A mobile phone that has an irritatingly low battery life or lack of access to particular networks might be disappointing – but a ‘disappointed’ drugs user will have put something into or onto their body, in the expectation that it would have a beneficial physical effect, such as treating eczema or headaches, preventing malaria or sickness in pregnancy, moisturising skin or enhancing breast size Targeting the female body Within the broader literature on the crimes of the pharmaceutical industry is a focus on the ways in which women are specifically targeted by the industry.
This area of research is relatively small, burrowing. For example, Morton Mintz (1985) detailed the case of headlong Shield, an inter-uterine contraceptive device which caused inflammatory pelvic disease as well as having a significant failure rate, leading to disproportionate numbers of miscarriages.
Then, a decade later, Patricia Peppin, a Canadian legal scholar, examined the industry in relation to victimisation of women.
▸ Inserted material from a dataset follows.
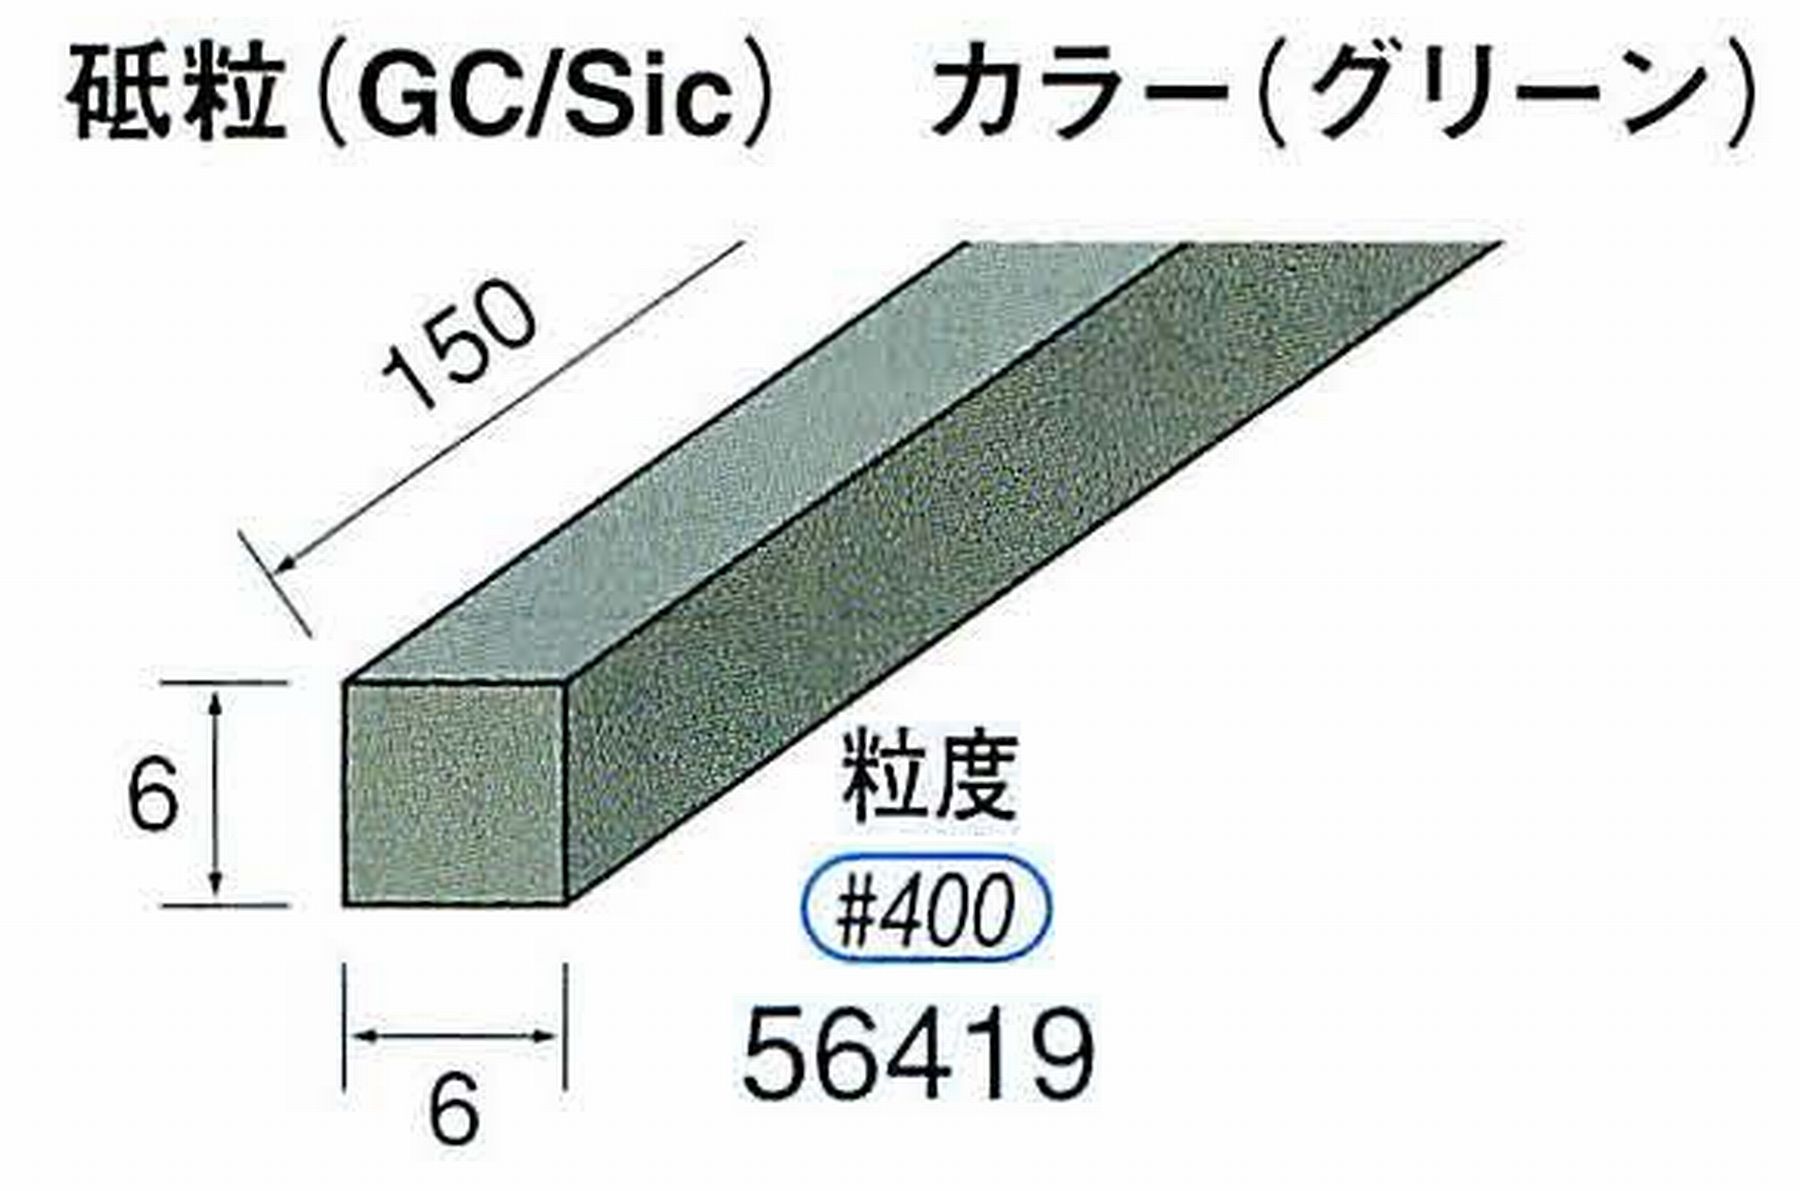 ナカニシ/NAKANISHI スティック砥石 グリーン・フィニッシュシリーズ 砥粒(GC/Sic) 56419

She documents the ‘serious adverse reactions, involving harm on a mass basis, [which] have occurred when women’s health needs have been targeted by drug companies’ (Peppin, 1995, p. 90).
She notes that ‘devastating harm’ has resulted from: inadequate warnings of the risk of stroke and death from contraceptives; poor labelling pertaining to the risk of toxic shock syndrome from tampons; the marketing of the synthetic oestrogen diethylstilbesterol (DES), marketed to treat morning sickness in pregnant women; AH Robins
Company’s ignoring of warnings about the Dalkin Shield; and ‘perhaps the best known example’, Thalidomide (Peppin, 1995, pp. 90; Finlay, 1996).Among the body of literature is significant research that documents both how and why women are disproportionately affected by crimes of the pharmaceutical industry. The reasons are related to the following facts.
That woman: take responsibility for using the most invasive forms of contraception (the pill, the diaphragm and so on). are the child-bearers and still take most child-care responsibilities. are highly sexualised and subject to discourses around appropriate body image in ways that men are generally not. work disproportionately in certain sectors of the economy which are poorly paid and poorly protected and where, for example, exposure to products of pharmaceutical and chemicals companies cause significant levels of disease and ill-health.
The lack of protection for women in these contexts – the failure of testate to develop or enforce regulation – has recently prompted critical criminologist Helen Baker to refer to the ‘State-corporate facilitated harms of the pharmaceutical industry’ (Baker, 2019)
Part15
Breast implants In March 2010, French health inspectors – acting on a tip-off –made a three-day visit to the headquarters of Poly Implant Protheses (PIP), a leading international maker of breast implants. In December 2011, the French Government recommended that women who had received the PIP breast implants, filled with industrial-grade silicone rather than the approved medical grade, should have them removed, in what soon became widely known as the ‘breast implant scandal’.
The implants had been produced for12 years, and some 300,000 had been sold across 65 countries in Europe and South America. They were more likely to rupture than the medical grade silicone implants, and there were concerns that the silicone would have toxic, even carcinogenic, effects. Women were expected, at best, to have to undergo the trauma of trying to finance their removal and, in many cases, replacement (Saget al., 2012).
The case has very clear parallels to the toxic silicone-gel breast implants which were sold to hundreds of thousands of women who wanted breast augmentation or reconstruction in the United States for some 30 years up to the mid-1990s (Dodge, 2005)
Overall, criminological research on Big Pharma adds up to a significant, indeed unique, body of literature on the crimes of a particular industry. This might indicate that the industry is, as some have argued, especially criminogenic, not least due to its international reach, the scale of the companies involved and their symbiotic relationships with states, and the opportunity structures to commit crime which come from this combination of factors Summary.
The pharmaceutical industry has an in-built propensity to maximise the use of drugs and, as such, it resembles illegal drug markets in its search for profit. In seeking to maximise sales and revenues, BioPharma may harm groups of consumers, such as women. Regulating the pharmaceutical induct rye What, then, to do about the criminal corporation? Or, more precisely, how can corporations be prevented from causing harm through law-breaking?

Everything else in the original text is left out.